Идет барон в заводскую школу. Здесь тихо. Смирные мальчики сидят за столами и прилежно пишут.

"Ну, - думает барон, - хоть здесь отдохну".

- А интересно знать, детки, что вы пишете?

Он тянет к себе одну тетрадку и читает. На лбу у него вспухают жилы, и пальцы дрожат.

В тетрадке аккуратно написано: "Вставай, подымайся, рабочий народ, вставай на борьбу, люд голодный! И раздайся, крик мести народной! Вперед! Вперед, рабочий народ!"

Надпись окружена красивыми завитушками. На столе лежит измятый, побывавший на земле листок с напечатанной "Марсельезой".

"Верно, на улице подобрали, поганцы!" - догадывается барон, брезгливо, двумя пальцами берет листок и уносит его в свой кабинет.

Мальчики сидят бледные. Расплачиваться за них придется отцам.

Расплачиваться покамест не пришлось - не такое было время. Гарницкий отечески побранил детей за шалость, попросил их не подбирать на улице листки.

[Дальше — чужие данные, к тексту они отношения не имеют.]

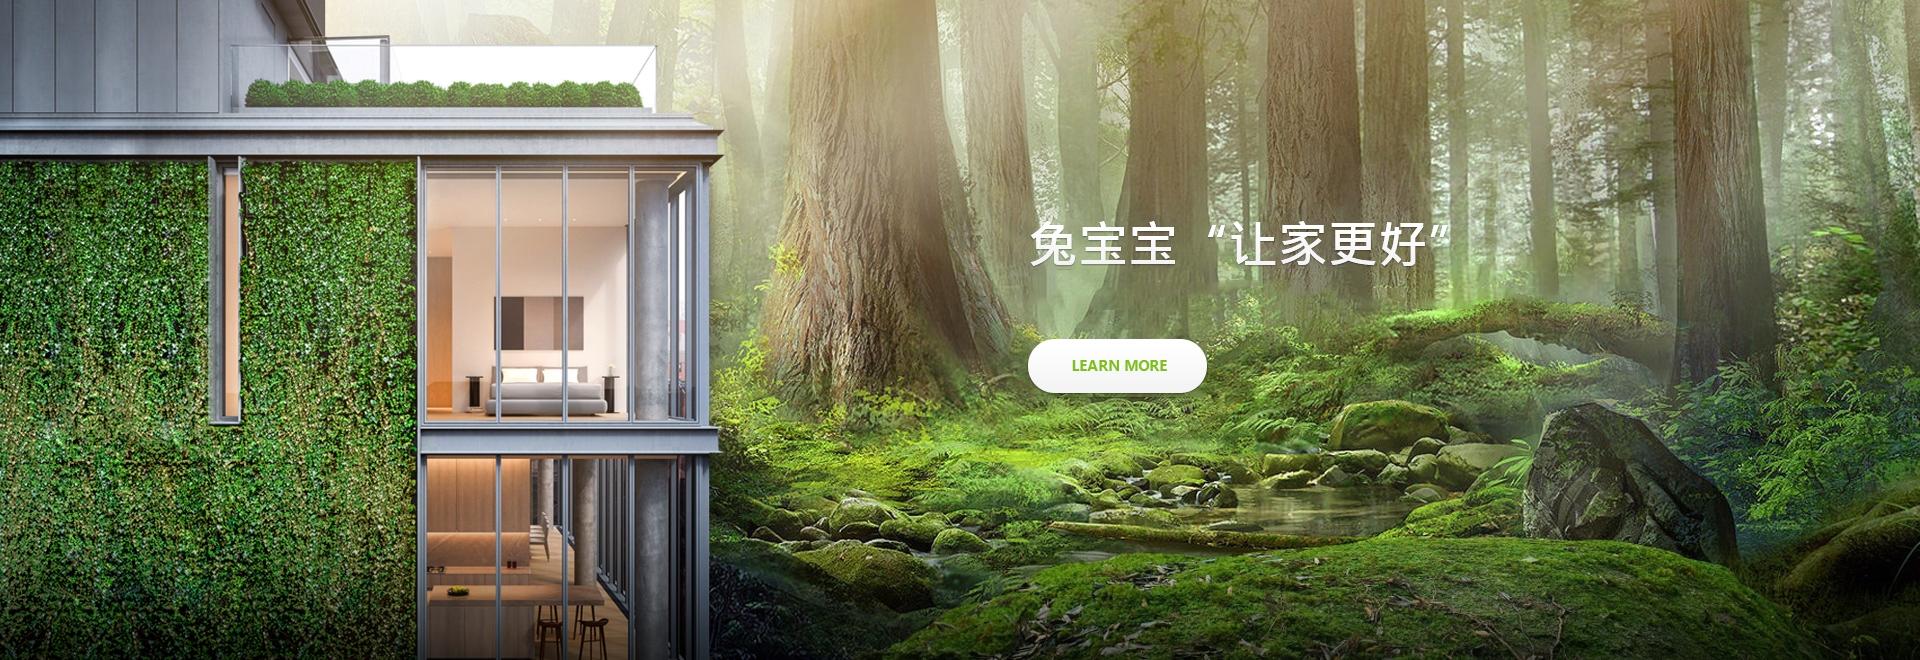 貴陽市欣春圓整體家居裝飾材料銷售有限公司公司介紹

Расплата пришла позже, когда царское правительство, собрав все свои силы, раздавило первую русскую революцию.

Войска заняли Невскую заставу. На императорском заводе дежурили патрули солдат. Мастера приободрились, "хорошие люди" подняли головы. Пришло времечко расквитаться с бунтарями.

В вагоне паровичка заводский чиновник орал на ученика:

- Ты как смеешь, негодяй, сидеть, когда начальство стоит на площадке? Ты как смел не встать?

- Я не видел вас, ваше превосходительство, - бормотал ученик.

- А ты смотри! Я тебя выучу смотреть!

Тот же чиновник разносил рабочего, встреченного на проспекте:

- Пойди-ка сюда! Ах ты, такой-эдакий, зачем волосы отрастил? Хочешь на студента походить? На волосатого крамольника, да? Ступай остригись, и чтобы я таких косм больше не видел!

Директор вызывал к себе мастеров и приказывал им уволить рабочих: одного за то, что он посмеялся над медалями унтера, другого за чтение газет, третьего за дерзкий взгляд...

Директор поместил в живописную мастерскую своего шпиона. Этот шпион не только подслушивал разговоры живописцев, - пользуясь безнаказанностью, он воровал живописное золото из мастерской.

Никто не смел сказать ему ни словечка.

Казалось, вернулись гурьевские времена. Но все же фарфоровый завод был теперь не тот, что прежде. Все помнили "дни свобод". Рисуя на сервизах великолепного двуглавого орла, живописцы вспоминали другого орла, виденного на страницах сатирических журналов. Тот орел был ощипанный, бесхвостый, он хлопал костлявыми крыльями над черепом в царской короне. Так изображалось в журналах самодержавие.

Художник-поляк расписал тогда большую вазу. Увидев эту вазу, директор густо покраснел и резко сказал мастеру:

- Какие глупости рисует Войткевич!

Он уволил Войткевича с завода. А на вазе были нарисованы козел, коза с козленком и четыре молодых козочки. Морда козла чуть-чуть напоминала лицо державного хозяина завода.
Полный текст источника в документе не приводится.